(Collected data entries)

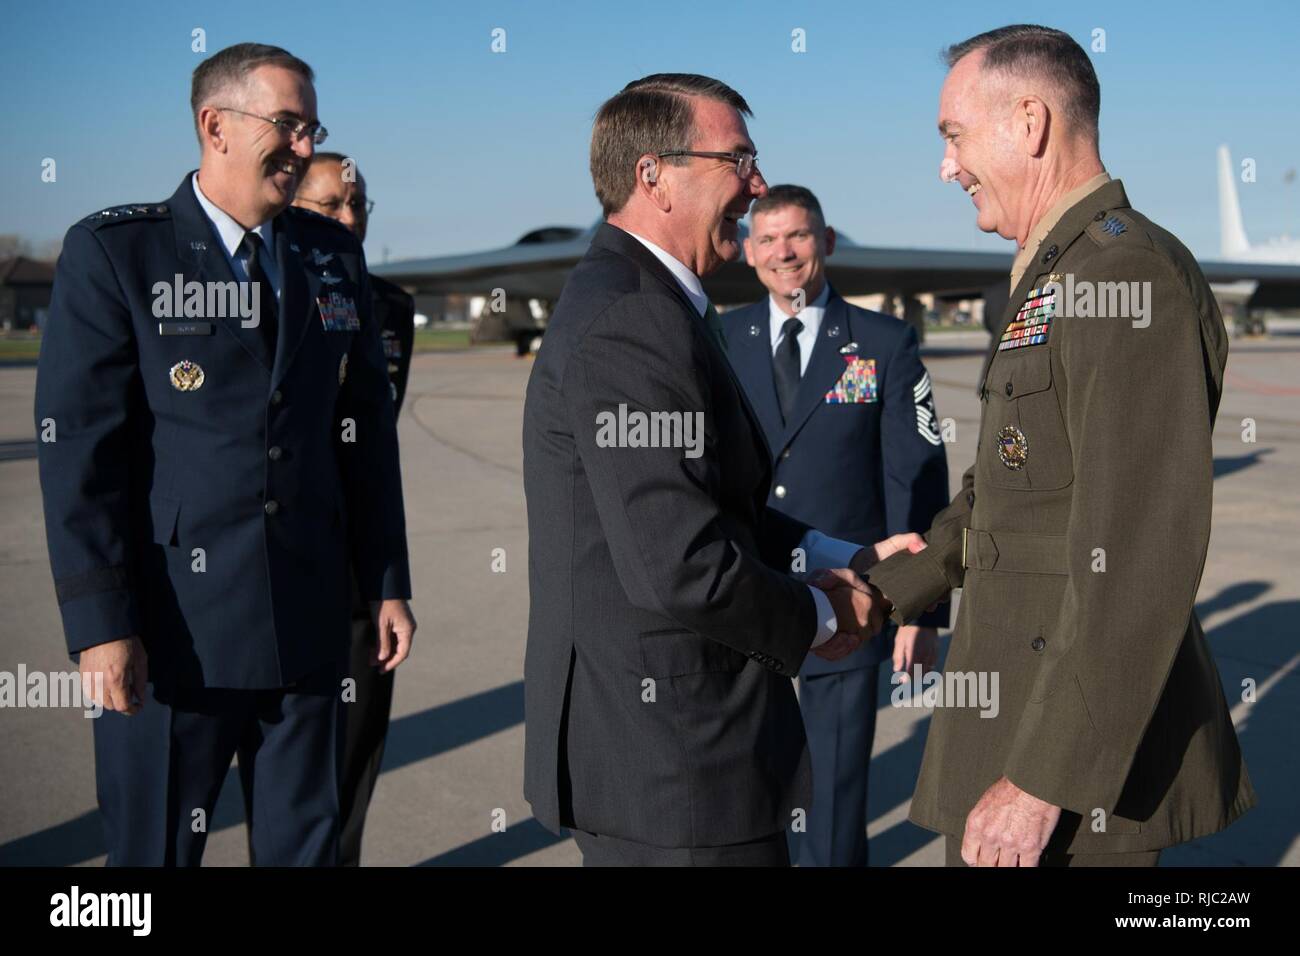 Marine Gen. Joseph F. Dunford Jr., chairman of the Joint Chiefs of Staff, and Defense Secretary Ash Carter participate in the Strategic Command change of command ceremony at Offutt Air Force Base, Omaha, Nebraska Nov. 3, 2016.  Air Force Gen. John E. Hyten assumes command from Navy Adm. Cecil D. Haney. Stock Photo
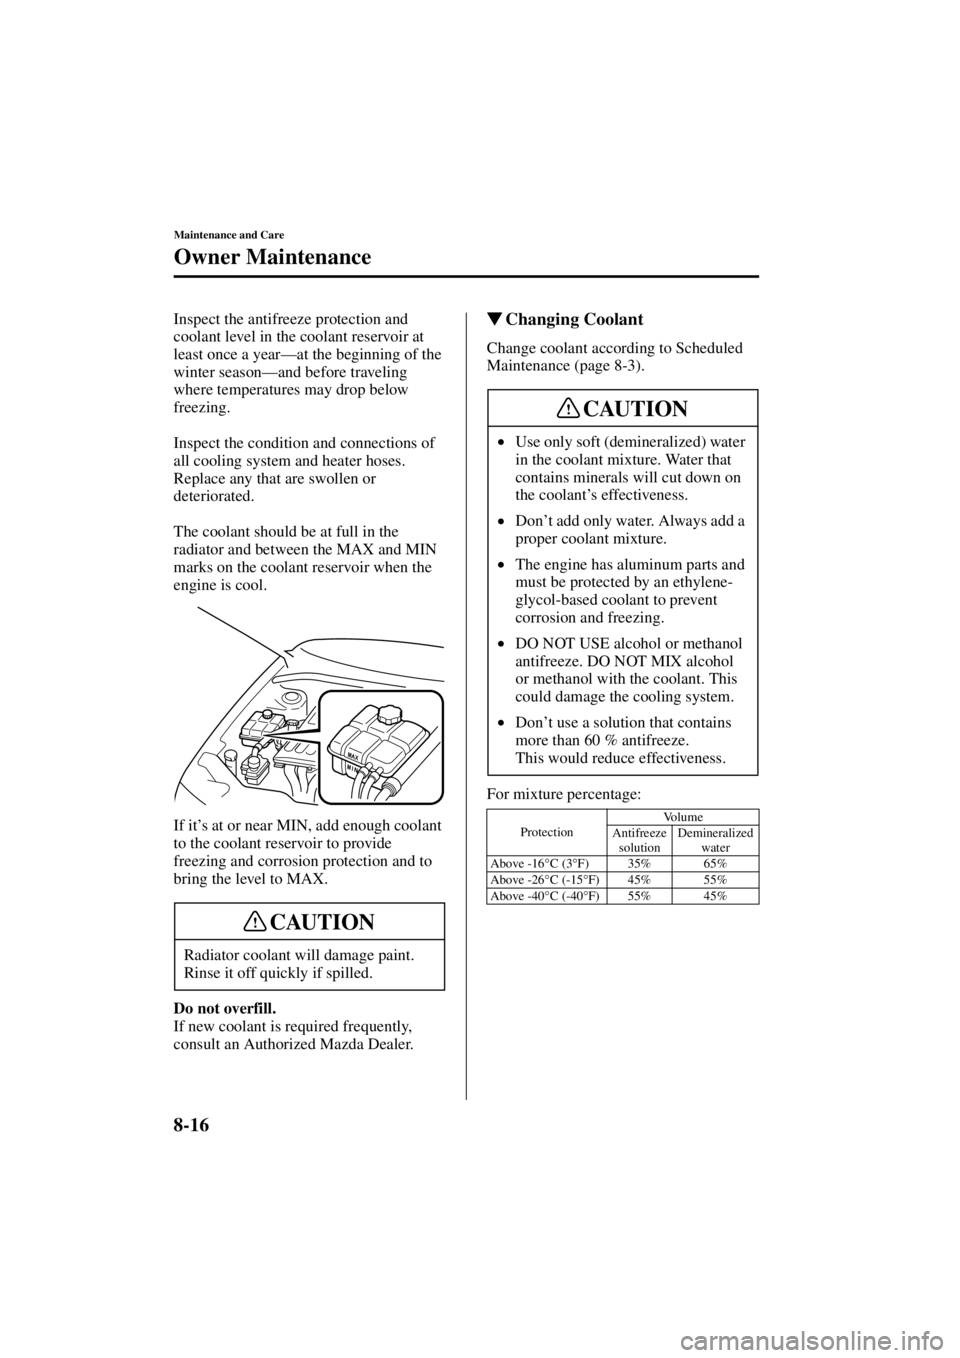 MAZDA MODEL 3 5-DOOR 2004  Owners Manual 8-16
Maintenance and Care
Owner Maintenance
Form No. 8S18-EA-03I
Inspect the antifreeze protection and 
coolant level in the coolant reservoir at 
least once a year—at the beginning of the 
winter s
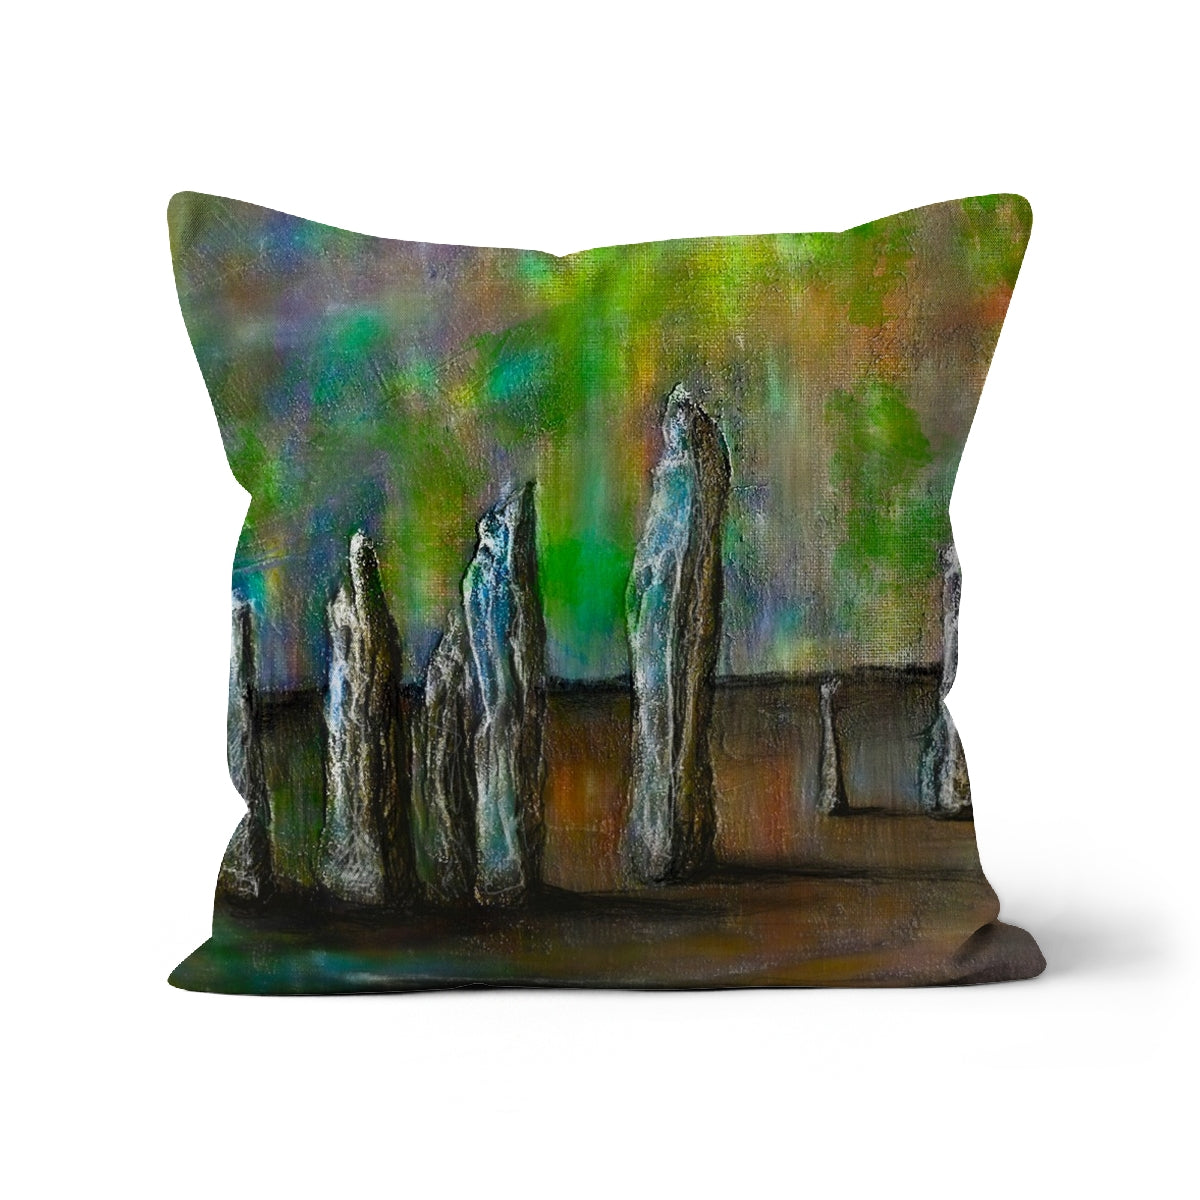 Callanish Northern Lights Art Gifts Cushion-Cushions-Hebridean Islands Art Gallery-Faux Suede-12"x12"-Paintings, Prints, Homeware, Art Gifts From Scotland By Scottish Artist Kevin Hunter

• The task
Could you retype all the entries above exactly, without the pictures?

• Answer section
 Marine Gen. Joseph F. Dunford Jr., chairman of the Joint Chiefs of Staff, and Defense Secretary Ash Carter participate in the Strategic Command change of command ceremony at Offutt Air Force Base, Omaha, Nebraska Nov. 3, 2016.  Air Force Gen. John E. Hyten assumes command from Navy Adm. Cecil D. Haney. Stock Photo
 MAZDA MODEL 3 5-DOOR 2004  Owners Manual 8-16
Maintenance and Care
Owner Maintenance
Form No. 8S18-EA-03I
Inspect the antifreeze protection and 
coolant level in the coolant reservoir at 
least once a year—at the beginning of the 
winter s
 Callanish Northern Lights Art Gifts Cushion-Cushions-Hebridean Islands Art Gallery-Faux Suede-12"x12"-Paintings, Prints, Homeware, Art Gifts From Scotland By Scottish Artist Kevin Hunter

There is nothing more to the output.